▶ **RECORDS TO PROCESS**:
————
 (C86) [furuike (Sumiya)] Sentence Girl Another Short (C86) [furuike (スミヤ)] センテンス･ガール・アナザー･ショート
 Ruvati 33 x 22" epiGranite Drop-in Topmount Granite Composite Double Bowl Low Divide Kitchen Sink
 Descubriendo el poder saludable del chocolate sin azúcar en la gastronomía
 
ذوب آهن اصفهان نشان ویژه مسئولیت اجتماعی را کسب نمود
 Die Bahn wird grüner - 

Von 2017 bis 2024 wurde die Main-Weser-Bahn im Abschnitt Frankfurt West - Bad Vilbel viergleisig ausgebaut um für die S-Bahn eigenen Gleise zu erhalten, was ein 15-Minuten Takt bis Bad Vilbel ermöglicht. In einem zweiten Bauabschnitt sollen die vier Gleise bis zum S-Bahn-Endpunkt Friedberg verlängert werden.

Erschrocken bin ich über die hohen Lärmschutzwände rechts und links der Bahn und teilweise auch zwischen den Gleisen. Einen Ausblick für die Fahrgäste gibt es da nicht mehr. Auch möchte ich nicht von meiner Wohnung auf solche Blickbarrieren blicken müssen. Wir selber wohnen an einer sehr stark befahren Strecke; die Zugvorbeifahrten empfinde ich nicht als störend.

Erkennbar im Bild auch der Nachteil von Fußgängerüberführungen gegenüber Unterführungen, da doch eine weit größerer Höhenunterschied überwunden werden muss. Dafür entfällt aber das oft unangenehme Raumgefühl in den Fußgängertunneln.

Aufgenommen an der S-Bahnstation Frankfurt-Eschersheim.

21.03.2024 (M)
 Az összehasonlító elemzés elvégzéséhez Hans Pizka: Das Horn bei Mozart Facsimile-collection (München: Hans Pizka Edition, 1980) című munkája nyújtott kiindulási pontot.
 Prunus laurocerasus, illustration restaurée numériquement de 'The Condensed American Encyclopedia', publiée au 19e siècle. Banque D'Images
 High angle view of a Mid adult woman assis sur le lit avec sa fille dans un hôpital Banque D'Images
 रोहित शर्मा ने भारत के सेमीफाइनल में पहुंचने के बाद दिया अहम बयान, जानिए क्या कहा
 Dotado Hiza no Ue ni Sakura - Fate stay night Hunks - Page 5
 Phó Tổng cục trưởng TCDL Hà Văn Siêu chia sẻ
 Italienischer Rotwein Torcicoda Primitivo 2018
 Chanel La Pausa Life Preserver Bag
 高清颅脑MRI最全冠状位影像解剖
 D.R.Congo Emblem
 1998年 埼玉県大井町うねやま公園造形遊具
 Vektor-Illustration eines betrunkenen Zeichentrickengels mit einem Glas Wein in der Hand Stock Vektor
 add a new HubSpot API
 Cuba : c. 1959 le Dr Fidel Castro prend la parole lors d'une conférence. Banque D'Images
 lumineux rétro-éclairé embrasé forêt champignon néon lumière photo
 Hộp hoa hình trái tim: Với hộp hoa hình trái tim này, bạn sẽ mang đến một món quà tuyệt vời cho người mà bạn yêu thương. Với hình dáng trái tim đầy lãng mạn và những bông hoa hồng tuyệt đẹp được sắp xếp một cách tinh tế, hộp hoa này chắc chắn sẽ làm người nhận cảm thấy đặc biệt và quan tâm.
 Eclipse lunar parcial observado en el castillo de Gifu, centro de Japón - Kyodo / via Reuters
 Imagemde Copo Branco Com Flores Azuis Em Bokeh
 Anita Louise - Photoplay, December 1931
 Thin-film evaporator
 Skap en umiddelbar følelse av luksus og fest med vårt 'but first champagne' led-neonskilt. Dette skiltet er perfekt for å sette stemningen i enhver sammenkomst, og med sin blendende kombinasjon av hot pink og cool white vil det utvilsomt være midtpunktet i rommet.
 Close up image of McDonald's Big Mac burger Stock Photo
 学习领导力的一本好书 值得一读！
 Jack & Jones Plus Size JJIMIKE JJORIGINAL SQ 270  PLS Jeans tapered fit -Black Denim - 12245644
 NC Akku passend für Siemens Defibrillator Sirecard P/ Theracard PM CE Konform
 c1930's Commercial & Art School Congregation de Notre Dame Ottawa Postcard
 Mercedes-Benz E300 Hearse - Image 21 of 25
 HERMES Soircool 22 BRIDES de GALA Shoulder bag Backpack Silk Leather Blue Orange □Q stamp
————
Where a line of the records includes "Stock", copy it.

 Vektor-Illustration eines betrunkenen Zeichentrickengels mit einem Glas Wein in der Hand Stock Vektor
 Close up image of McDonald's Big Mac burger Stock Photo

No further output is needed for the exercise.